In belastenden Zeiten, in denen Informationen besonders wertvoll sind, hat das Spital Männedorf im Februar 2023 ein wegweisendes Konzept eingeführt, das nicht nur die Intensivpflege revolutioniert, sondern auch eine Brücke zwischen Patienten, ihren Angehörigen und dem medizinischen Team schlägt. Das "Aktive Angehörigentelefonat" ermöglicht es den Angehörigen, trotz räumlicher Distanz in engem Kontakt mit dem Zustand ihrer Liebsten auf der Intensivstation zu bleiben.
David Schoos blickt auf das erste halbe Jahr zurück und erklärt uns im folgenden Interview mehr zu den Beweggründen hinter diesem innovativen Ansatz sowie die Vorteile und die Herausforderungen, die er mit sich bringt.
Was ist unter «Aktives Angehörigentelefonat» zu verstehen?
Das Konzept verfolgt die Absicht die Kommunikation mit Angehörigen von Intensivpatientinnen und -patienten proaktiv durch die Pflegefachpersonen der Intensivstation zu steuern. Zuerst wird geklärt, wer die Angehörigenseite vertritt. Diese Person gilt von nun an für das Pflegefachpersonal der Intensivstation als feste Bezugsperson für das tägliche Telefonat. Dazu werden mit ihr einige Vereinbarungen (z.B. Zeitpunkt für das Telefonat) getroffen.
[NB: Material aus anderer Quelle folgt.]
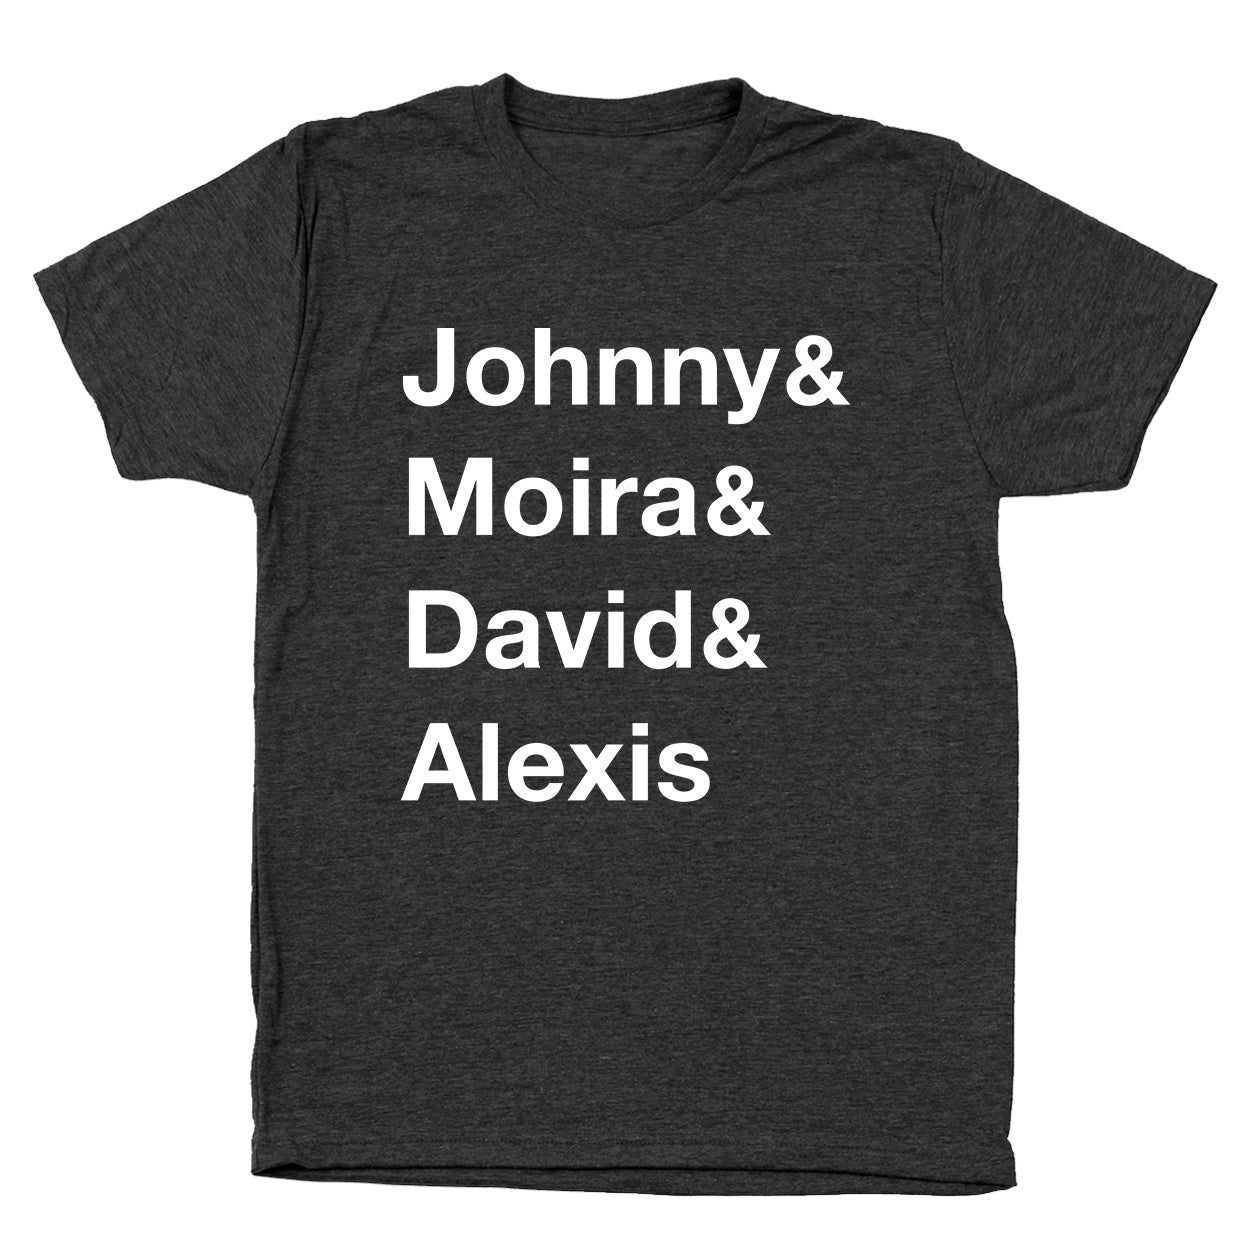 Johnny & Moira & David & Alexis Tshirt - Donkey Tees

Diese Person hat dann die Aufgabe die erhaltenen Informationen an weitere Angehörige weiter zu leiten.
Welche Vorteile haben das geplante Gespräch für den Patienten und für die Mitarbeitenden?
Studien zeigen, dass pro Patienten und Tag durchschnittlich mehr als vier Anrufe auf der Intensivstation eingehen. Durch diese nachvollziehbaren aber unplanbaren Anrufe wird das IPS-Team immer wieder im Behandlungsprozess gestört. Daher ist eine grundsätzliche Reduktion der Anruferzahlen ein klares Ziel. Neben den quantitativen Aspekten gibt es auch verschiedene qualitative Aspekte, die durch das «Aktive Angehörigentelefonat» verbessert werden. Da wir die Telefonate vorbereiten und strukturieren, ist die Informationsqualität viel höher, was sich neben der höheren Verbindlichkeit positiv auf das Vertrauen auswirkt. Darüber hinaus erhöht sich auch die Rechtssicherheit, denn wir wissen mit wem wir es am anderen Ende der Leitung zu tun haben und wem wir die schützenswerten Informationen weitergeben.
Welche Erfahrungen haben wir diesbezüglich gemacht?
Jede Neuerung braucht seine Anlaufzeit. Wir mussten uns zuerst an unsere neue aktive Rolle gewöhnen. Dennoch sind, und das ist sehr erfreulich, alle vorher erwähnten Folgen schon kurze Zeit nach der Einführung spürbar geworden. Auch die Feedbacks der Angehörigen sind positiv, was den Erfolg des aktiven Ansatzes auf jeden Fall unterstreicht. Die Implementierung einer solchen Intervention ist jedoch nur durch den beeindruckenden und gewissenhaften Einsatz aller Teammitglieder der Intensivstation möglich.
Sind bisher auch Schwierigkeiten aufgetreten?
Es kommt äusserst selten zu Problemen. Schwierige Familienkonstellationen bergen ein gewisses Problempotenzial in sich. Wenn beispielsweise eine Bezugsperson mit einer anderen Person der Familie verstritten ist und die erhaltenen Informationen nicht weitergibt, reisst die Kommunikationskette. In einem solchen Fall können wir aber immer noch vom Standard-Protokoll abweichen. Unter dem Strich überwiegen die Vorteile. Wir können Informationsbedürfnissen mit dem aktiven Modell viel besser gerecht werden und diese Erfahrungen machen auch andere Kliniken wie das USZ.
Welche Informationen erhalten Angehörige?
Angehörige erhalten ausschliesslich pflegerische Informationen. Das heisst wir geben ein Update über den Zustand über die letzte Nacht, den neurologischen Zustand, die Atmung und Informationen zum Kreislauf. Wir klären auch über das weitere Prozedere auf – welche Untersuchungen anstehen und wann Besuchsmöglichkeiten bestehen. Ärztliche Informationen wie Prognosen, Laborwerte und Diagnosen, die nicht festgelegt wurden, werden nicht mitgeteilt.